No te desanimes, Erotto, según este artículo, esta riqueza expresiva se da en todo el mundo hispanohablante. Aunque tal vez hay algunas víctimas del _correctismo normativista_.

Saludos


----------



## jorgema

¿Seré una de las víctimas del _correctismo normativista_? Después de leer el hilo completo, me sigue pareciendo mal lo de:

_Me gustó que me lo dijiste._

En mi uso personal, hubiera empleado el subjuntivo:

_Me gustó que me lo dijeras._

...e incluso, dependiendo del pasado:

_Me gustó que me lo hayas dicho._


----------



## flljob

¿Qué opinas de:  _me gusta que los ingleses *son* muy puntuales_. ¿Dirías _me gusta que los ingleses *sean* muy puntuales_?
Para mí está claro que hay una gran diferencia. Yo no digo que se use el indicativo forzosamente. Lo que digo es el uso de indicativo depende de la intención del emisor. Lo que digo es que el uso de los modos no es intercambiable.

Saludos


----------



## jorgema

Va a parecer que quiero evitar enfrentarme a tu ejemplo, pero la primera oración simplemente no me gusta. Para el caso diría:

_Me gusta la puntualidad de los ingleses._ 

Pero en el caso específico de una sola persona, le diría:

_Me gusta que *seas* puntual
Me gusta tu puntualidad._

Pero no:
_Me gusta que eres puntual_.


----------



## Lurrezko

jorgema said:


> Va a parecer que quiero evitar enfrentarme a tu ejemplo, pero la primera oración simplemente no me gusta. Para el caso diría:
> 
> _Me gusta la puntualidad de los ingleses._
> 
> Pero en el caso específico de una sola persona, le diría:
> 
> _Me gusta que *seas* puntual
> Me gusta tu puntualidad._
> 
> Pero no:
> _Me gusta que eres puntual_.



O _me gusta lo puntual que eres._


----------



## jorgema

Lurrezko oinak said:


> O _me gusta lo puntual que eres._



Claro, si ya estamos puestos a emplear el verbo en indicativo. Igualmente, se evita la forma que aquí nos ocupa.


----------



## flljob

¿Y por qué no _me gusta lo puntual que *seas*_?
Gracias, Lurrezko, veo que nos empezamos a entender.
Saludos


----------



## Lurrezko

flljob said:


> ¿Y por qué no _me gusta lo puntual que *seas*_?
> Gracias, Lurrezko, veo que nos empezamos a entender.
> Saludos



Pues no te sé decir, porque no me suena bien.
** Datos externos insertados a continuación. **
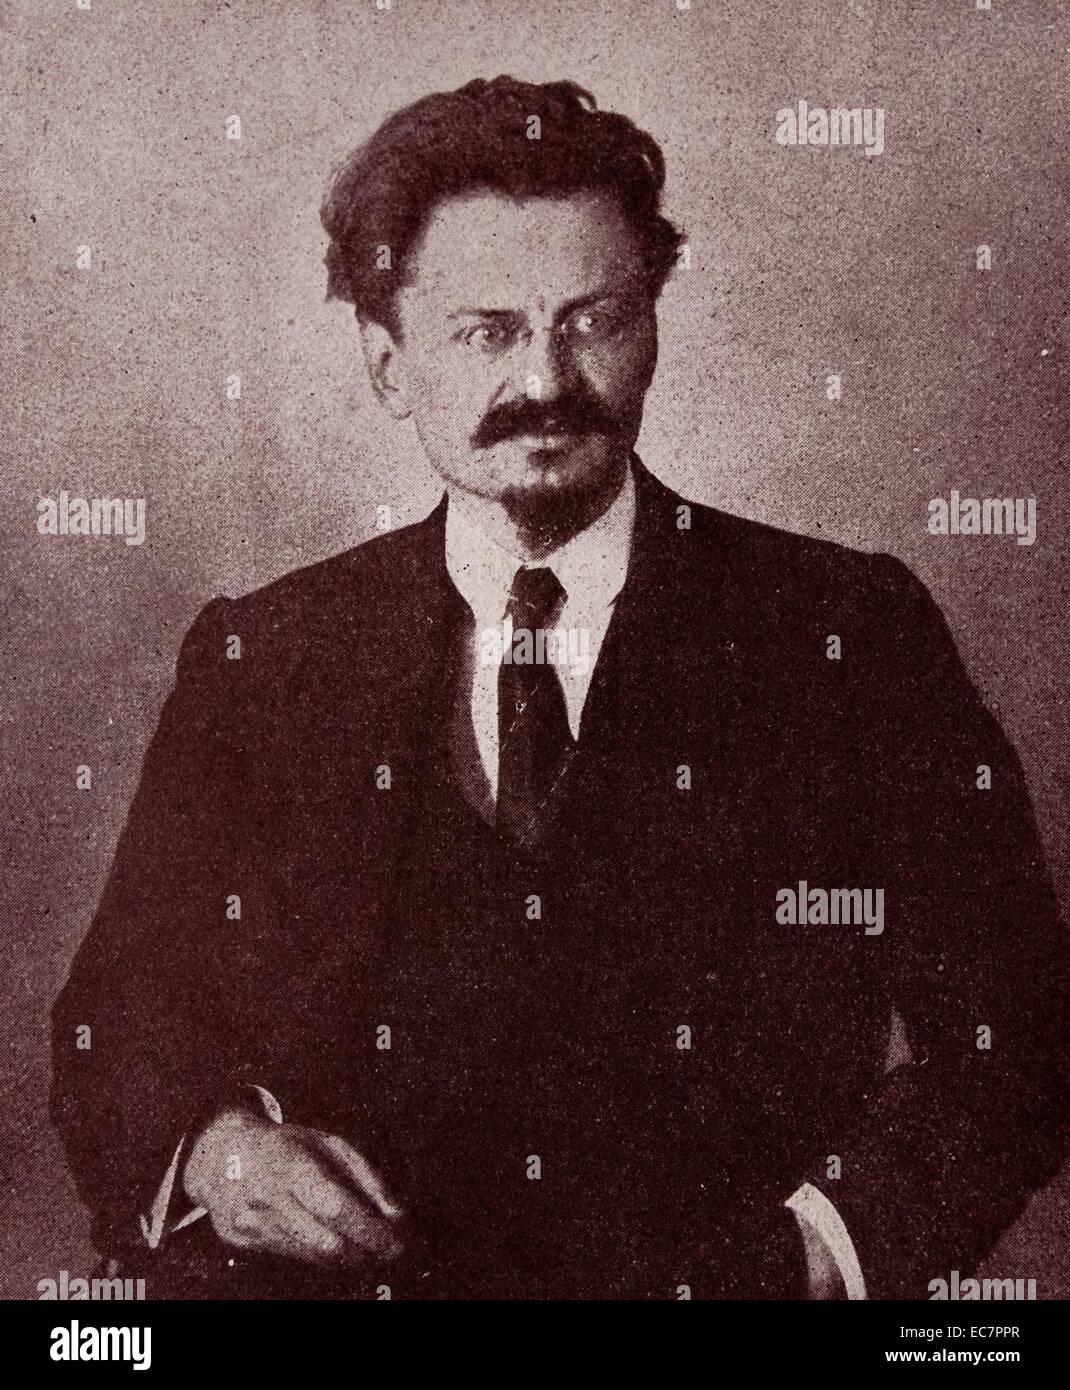 Leon Trotsky 1879 – 21 August 1940. Russian Marxist revolutionary and theorist, Soviet politician, and the founder and first leader of the Red Army. Stock Photo

Es curioso que con otros verbos sí exista un matiz:
_
Me importa/preocupa lo puntual que eres.
Me importa/preocupa lo puntual que seas._

Pero con el verbo* gustar* no me suena bien el subjuntivo. ¿A ti te suena natural?

Saludos


----------



## jorgema

Tal vez porque en _Me importa/me preocupa lo puntual que *seas*_ hay un matiz de futuro que no tendría sentido si se dijera _Me gusta lo puntual que seas_.

_Me gusta lo que eres._

...pero:

¿_Me gusta lo que seas_? No me resulta natural.


----------



## cbrena

A mí con el verbo gustar el subjuntivo me suena bien en el ejemplo de flijob, pero añado el artículo: _me gusta *el* que los ingleses *sean* muy puntuales._

En los casos que habéis discutido posteriormente:

_Me gusta que* seas* puntual_ o _Me gusta lo puntual que *eres.*_


----------



## Aviador

Mientras estudio más el tema y como al leer las intervenciones en este hilo alguien podría pensar que es general en América el uso del indicativo en las frases como la de la consulta de usstriker, quisiera advertir que en Chile a nadie se le ocurriría usar el idicativo. No me imagino a nadie, ni siquiera a una persona con poca instrucción, hacerlo. De hecho, este hilo me recordó a un amigo francés a quien siempre regañabamos por su uso del indicativo en frases semejantes. Es decir, _me gustó que me lo dijiste_ me suena al castellano de quien no lo domina bien; me suena al castellano de mi amigo francés.

Saludos.


----------



## Ciocoroll

Pues yo soy mexicano y tampoco he escuchado que alguien use el indicativo para eso


----------



## flljob

Aviador said:


> Mientras estudio más el tema y como al leer las intervenciones en este hilo alguien podría pensar que es general en América el uso del indicativo en las frases como la de la consulta de usstriker, quisiera advertir que en Chile a nadie se le ocurriría usar el idicativo. No me imagino a nadie, ni siquiera a una persona con poca instrucción, hacerlo. De hecho, este hilo me recordó a un amigo francés a quien siempre regañabamos por su uso del indicativo en frases semejantes. Es decir, _me gustó que me lo dijiste_ me suena al castellano de quien no lo domina bien; me suena al castellano de mi amigo francés.
> 
> Saludos.


 
Ya dije que se usan los dos modos. También dije que existe una enorme diferencia entre usar el indicativo o el subjuntivo, que de ninguna manera el uso de uno excluye el uso del otro. En el artículo que adjunté anteriormente, se estudiaron muchas ciudades, dos de ellas españolas y varias hispanoamericanas, incluyendo Buenos Aires y Santiago. En esta última, en el 45% de las oraciones estudiadas, usaban el indicativo, mientras que en México la usaban el 40%, y en Buenos Aires el 67%.

Saludos


----------